▸ Exercise details:
All pictures are to be dropped, and everything else in the data duplicated exactly.

Given data Start Marker

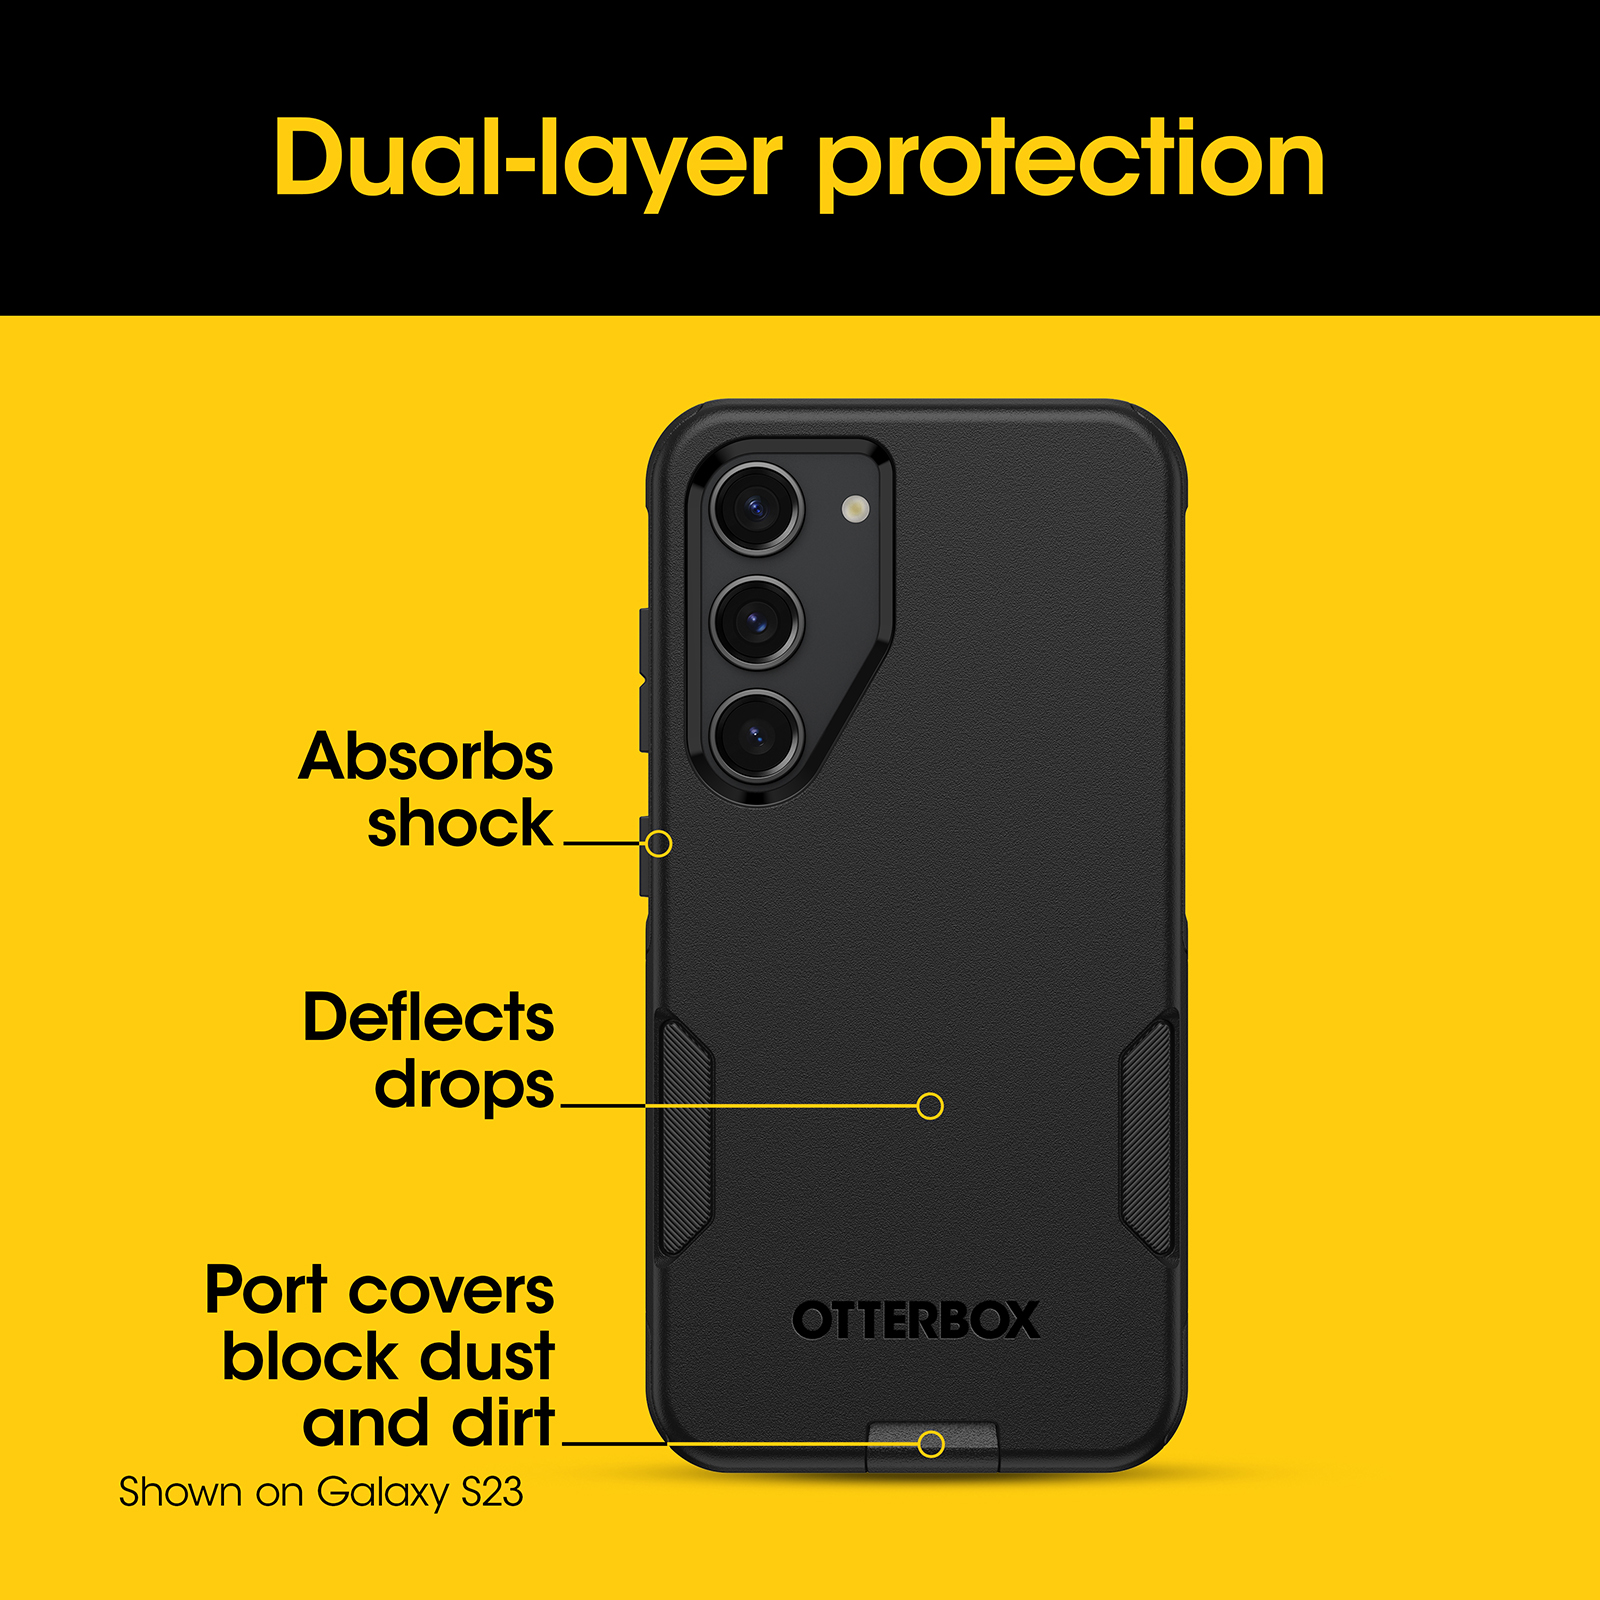 https://www.otterbox.com/on/demandware.static/-/Sites-masterCatalog/en/dwb4b994d9/productimages/dis/cases-screen-protection/commuter-galaxy-s24-ultra/commuter-galaxy-s24-ultra-black-4.jpg
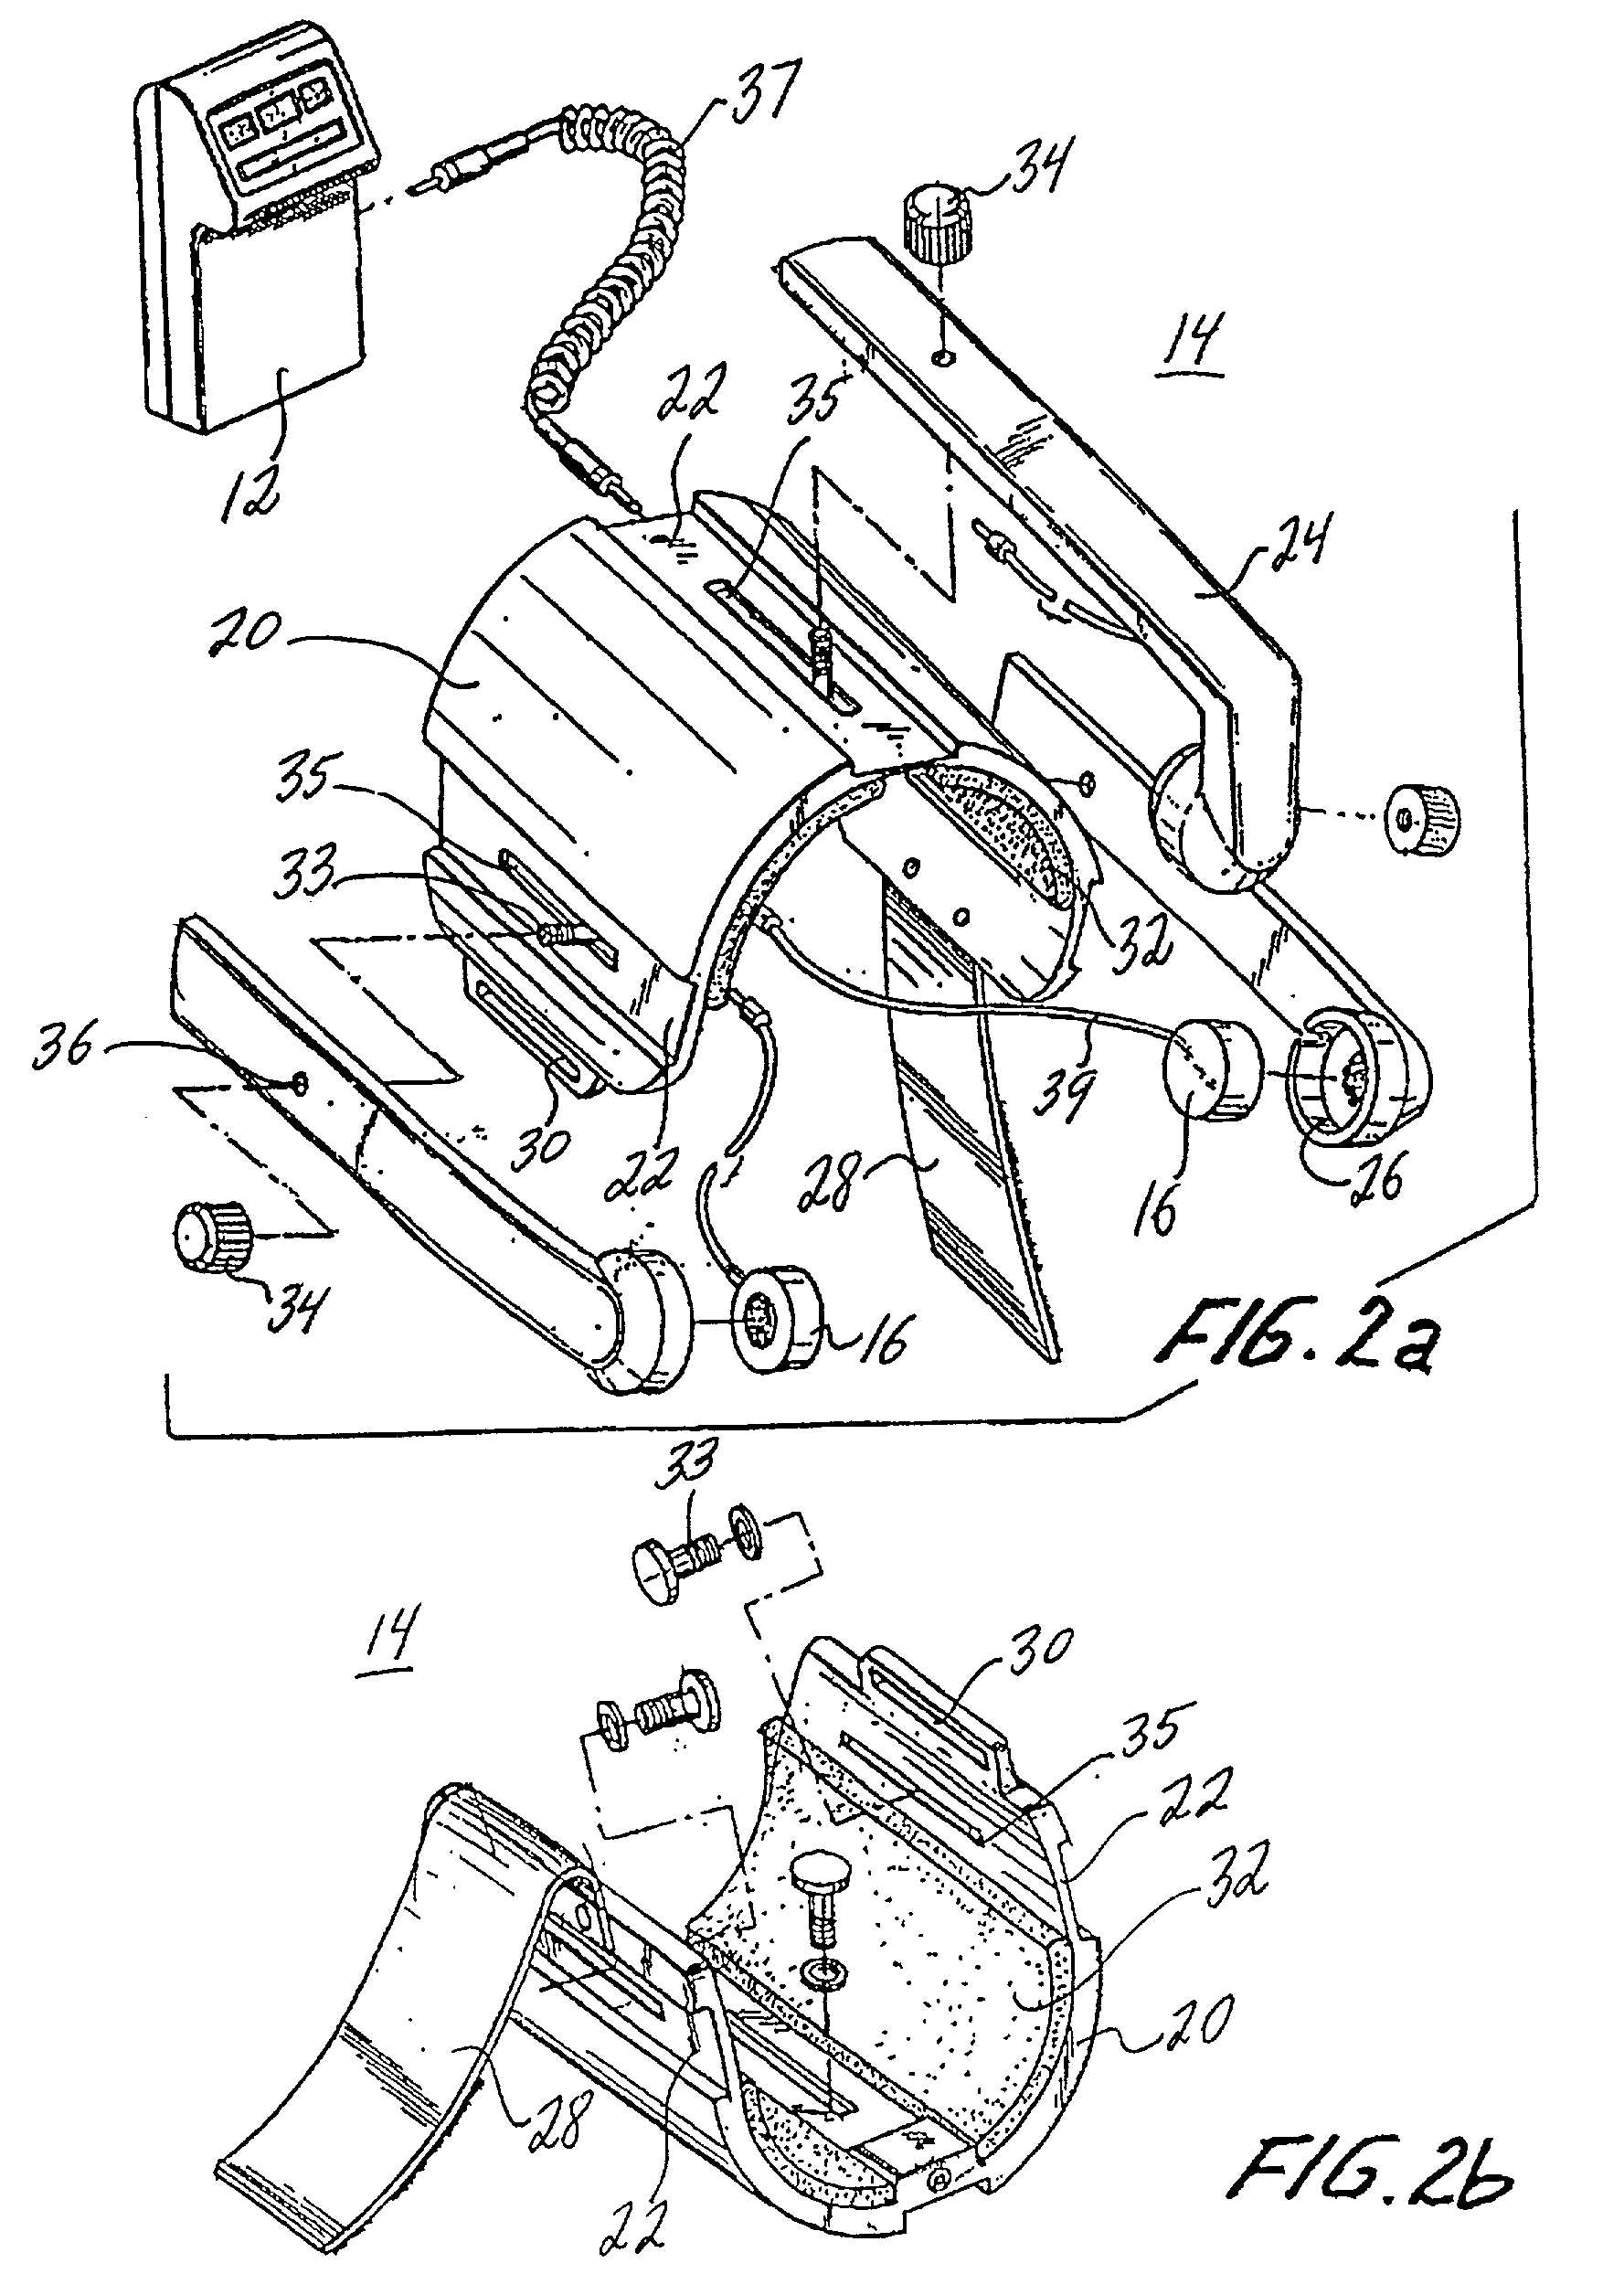 Method and apparatus for connective tissue treatment
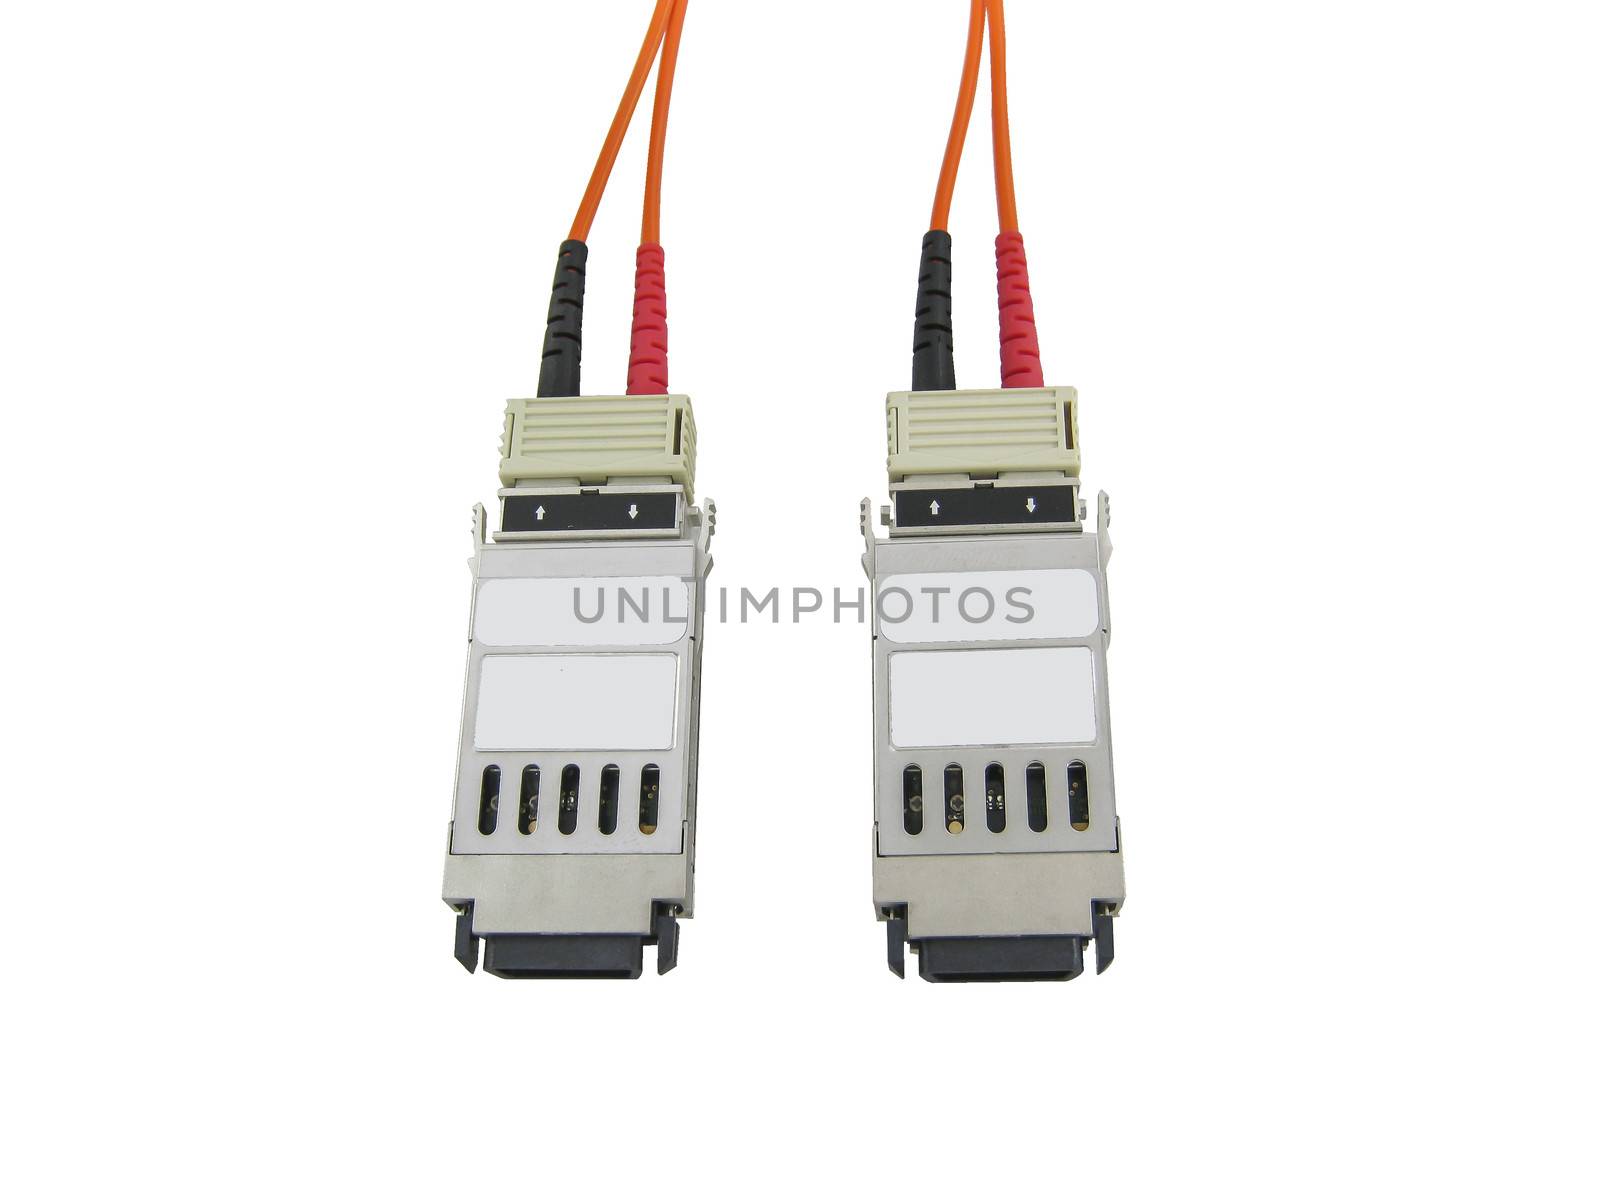 GBIC optic fiber communications equipment on the white background

Given data End Marker

▸ Answer space:
 https://www.otterbox.com/on/demandware.static/-/Sites-masterCatalog/en/dwb4b994d9/productimages/dis/cases-screen-protection/commuter-galaxy-s24-ultra/commuter-galaxy-s24-ultra-black-4.jpg
 Method and apparatus for connective tissue treatment
 GBIC optic fiber communications equipment on the white background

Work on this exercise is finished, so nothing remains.